Photo of indistinct cross in background.A new Pew Forum Study looking at the views of American Catholics on family life, sexuality, and Catholic identity has concluded that 45% of Americans are Catholic or are “connected to Catholicism.” It gauged people’s views of the topics mentioned, but in some ways, the figure of 45% is one of the most interesting findings. The 45% are comprised of those who claim to be Catholic now, those who were raised in the faith and now no longer practice, and those who claim a “cultural connection to Catholicism.” Sherry Weddell pointed out in an article for Aleteia  that the study showed a large number of those who no longer actively practice their Catholic faith are “willing to be persuaded back into the pews, with the right outreach.”

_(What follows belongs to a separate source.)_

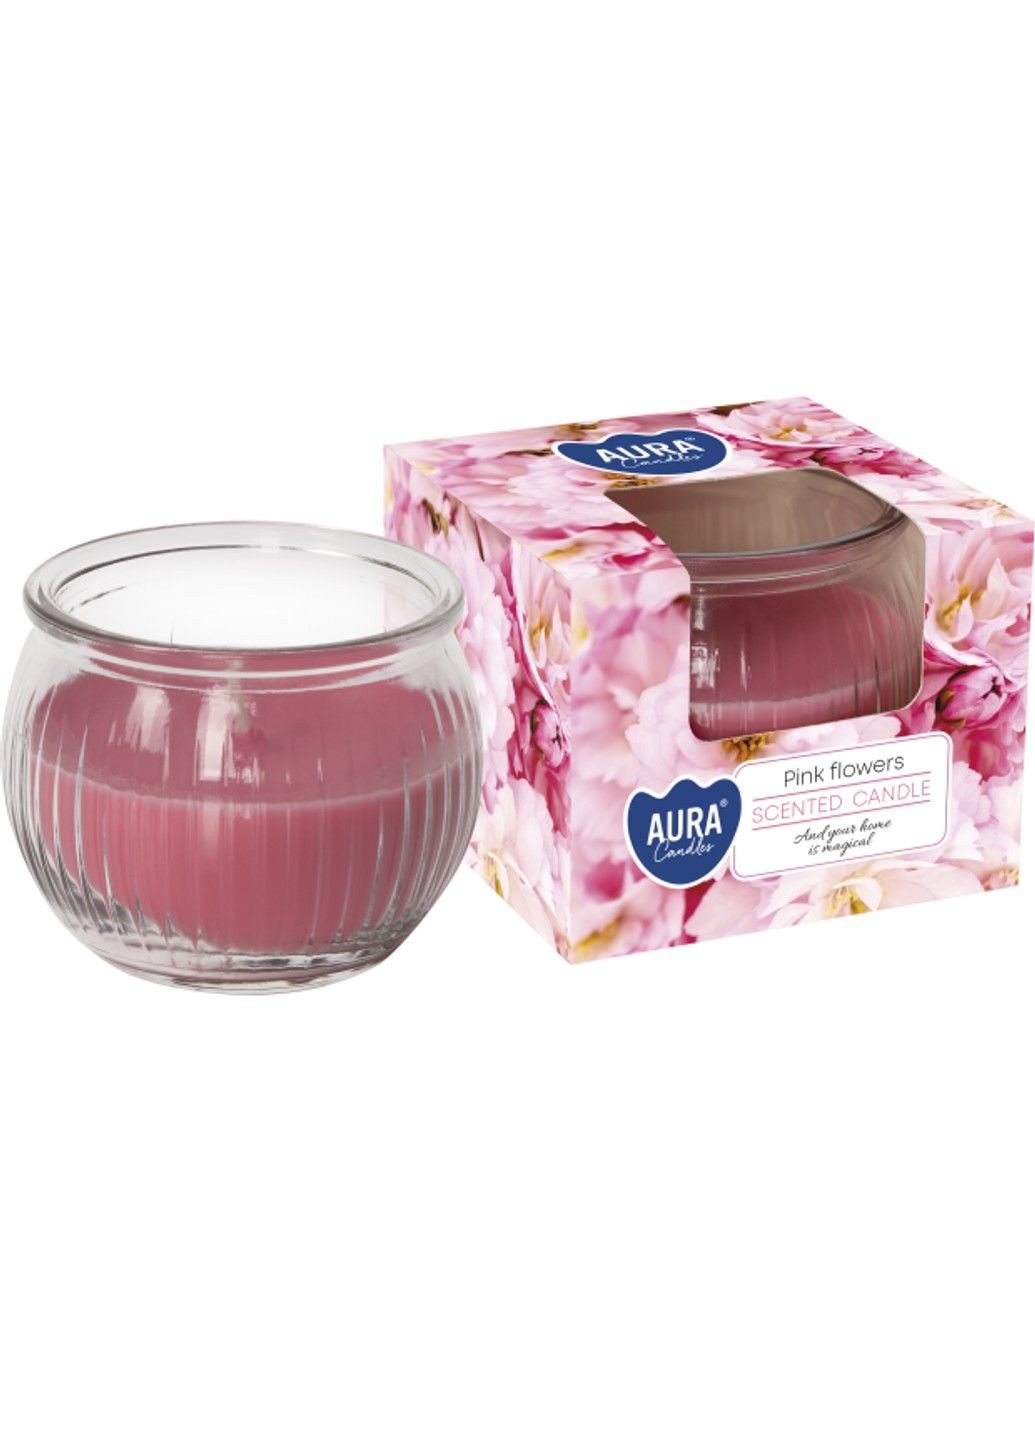 Ароматична свічка Scented Candle Pink Flowers Bispol (280926746)

Multiple reasons can account for why people drift away from the church, and the right word to use here is drift, for the experience of leaving the church does not happen overnight. Some leave because of conflicts and abuses of power by priests, but the vast majority never had such an experience. Most are like people you and I know who have drifted away over time due to apathy and disinterest. While some connection to a Catholic heritage is important to many, connections to a formed community seem less important, or at least the numbers make it seem that way. The 2013 study and book, American Catholics in Transition, reported that the “pre-Vatican II generation is the only group where more than half (54%) attends weekly Mass.” They state that for most who identify as Catholic, monthly Mass attendance is the new norm.

All people have a need to belong. Psychologists point out belonging is part of what makes us human. Those who drift away still want to belong. They have just chosen to belong to something else, and usually it is a group of people who has similar beliefs. But if they still label themselves in some way Catholic, they must continue to hold some core doctrinal beliefs. The question is, do they grasp the true implications of those beliefs? For as we can see in our modern times, religious belief can be one of the most powerful forces on earth.

Jesus understood the power of faith when he questioned his disciples, “Who do you say that I am?” If they truly believed that he was the Christ, the anointed one, the One for whom they had longed, they would be able to accept his difficult command:

“Whoever wishes to come after me must deny himself, take up his cross, and follow me. For whoever wishes to save his life will lose it, but whoever loses his life for my sake and that of the gospel will save it.”

Those who would be able to accept their crosses and give away their lives, particularly in the persecutions that followed Jesus’ death and resurrection, not only believed that they had met the Christ, they knew they belonged to him. The apostles, the other disciples close to Jesus, and those who would join this “movement” sometimes called The Way, would have had a sense of being transformed not just by their belief, but also by acceptance by and belonging to this new community of faith.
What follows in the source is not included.